Alfred Molina (born Alfredo Molina; 24 May 1953) is an English actor known for his work on the stage and screen. He first rose to prominence in the West End, earning a nomination for the Laurence Olivier Award for Best Newcomer in a Play for his performance in the production of Oklahoma! in 1980. He made his film debut as Satipo in Raiders of the Lost Ark and his Broadway debut as Yvan in a production of Art from 1998 to 1999. His other Broadway roles include Tevye in the musical Fiddler on the Roof from 2004 to 2005 and Mark Rothko in the play Red from 2009 to 2010.

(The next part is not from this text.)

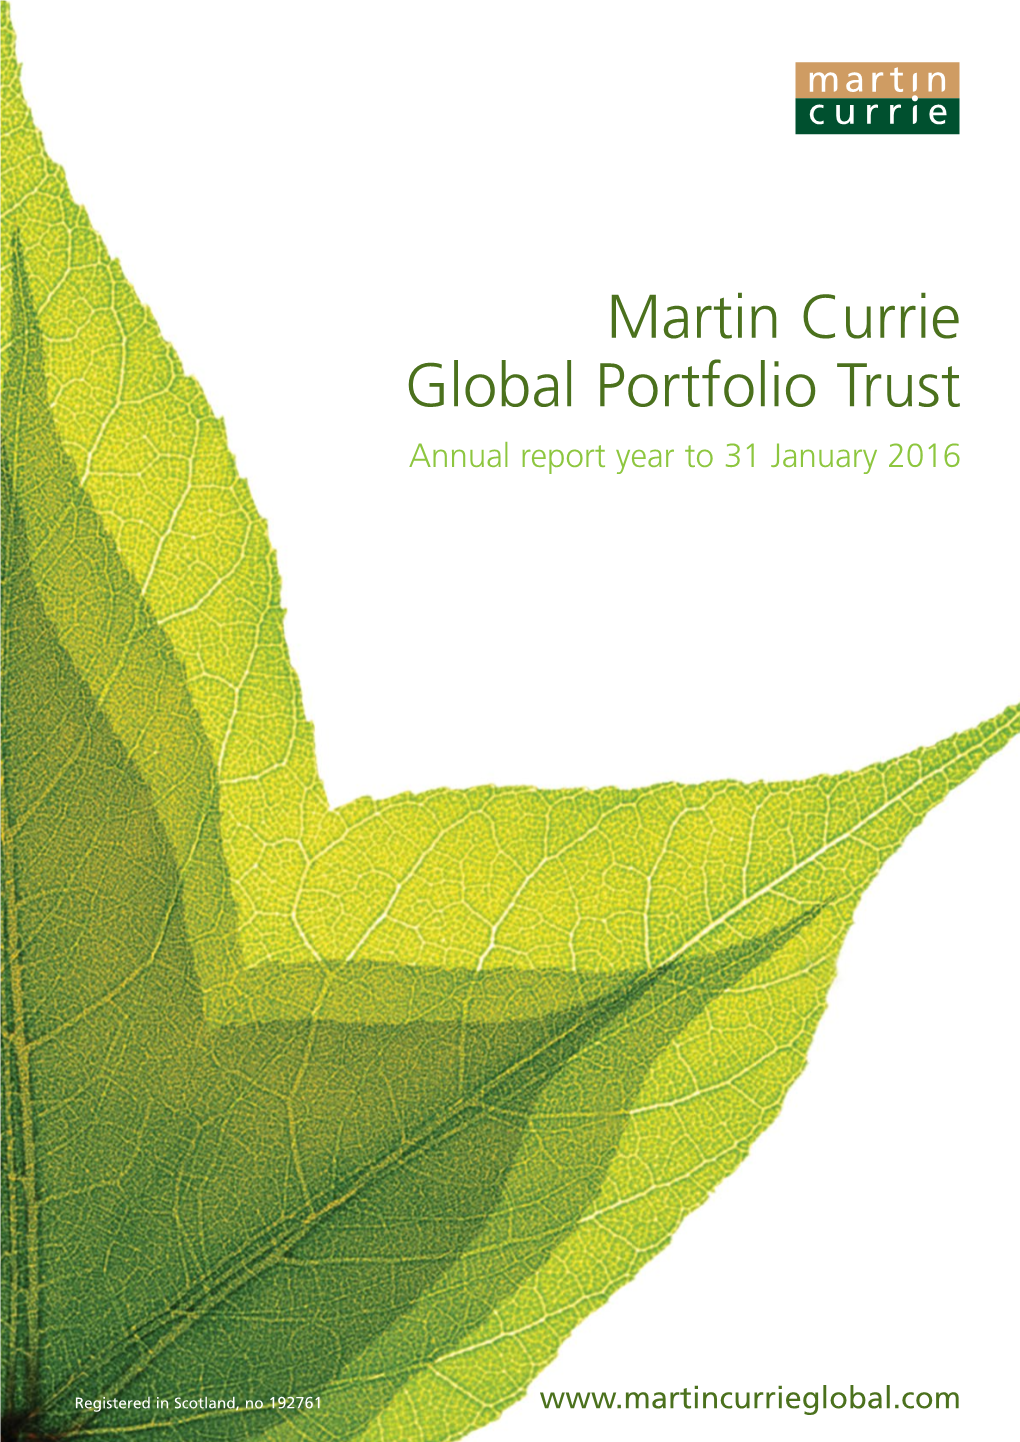 Martin Currie Global Portfolio Trust Annual Report Year to 31 January 2016

On screen, his best known roles include Kenneth Halliwell in Prick Up Your Ears (1987), Sayyed Bozorg Mahmoody in Not Without My Daughter, (1991), Mellersh Wilkins in Enchanted April (1992), Rahad Jackson in Boogie Nights (1997), Comte de Reynaud in Chocolat (2000), Diego Rivera in Frida (2002), Johann Tetzel in Luther (2003), Bishop Aringarosa in The Da Vinci Code (2006), Jack Mellor in An Education (2009), and George in Love Is Strange (2014). He has voiced characters in Rango (2011), Monsters University (2013), Dragons: Race to the Edge (2016), Ralph Breaks the Internet (2018), Frozen II (2019), and DC League of Super-Pets (2022). He is also known for his portrayal of Otto Octavius / Doctor Octopus in Sam Raimi's Spider-Man 2 (2004) and the Marvel Cinematic Universe film Spider-Man: No Way Home (2021).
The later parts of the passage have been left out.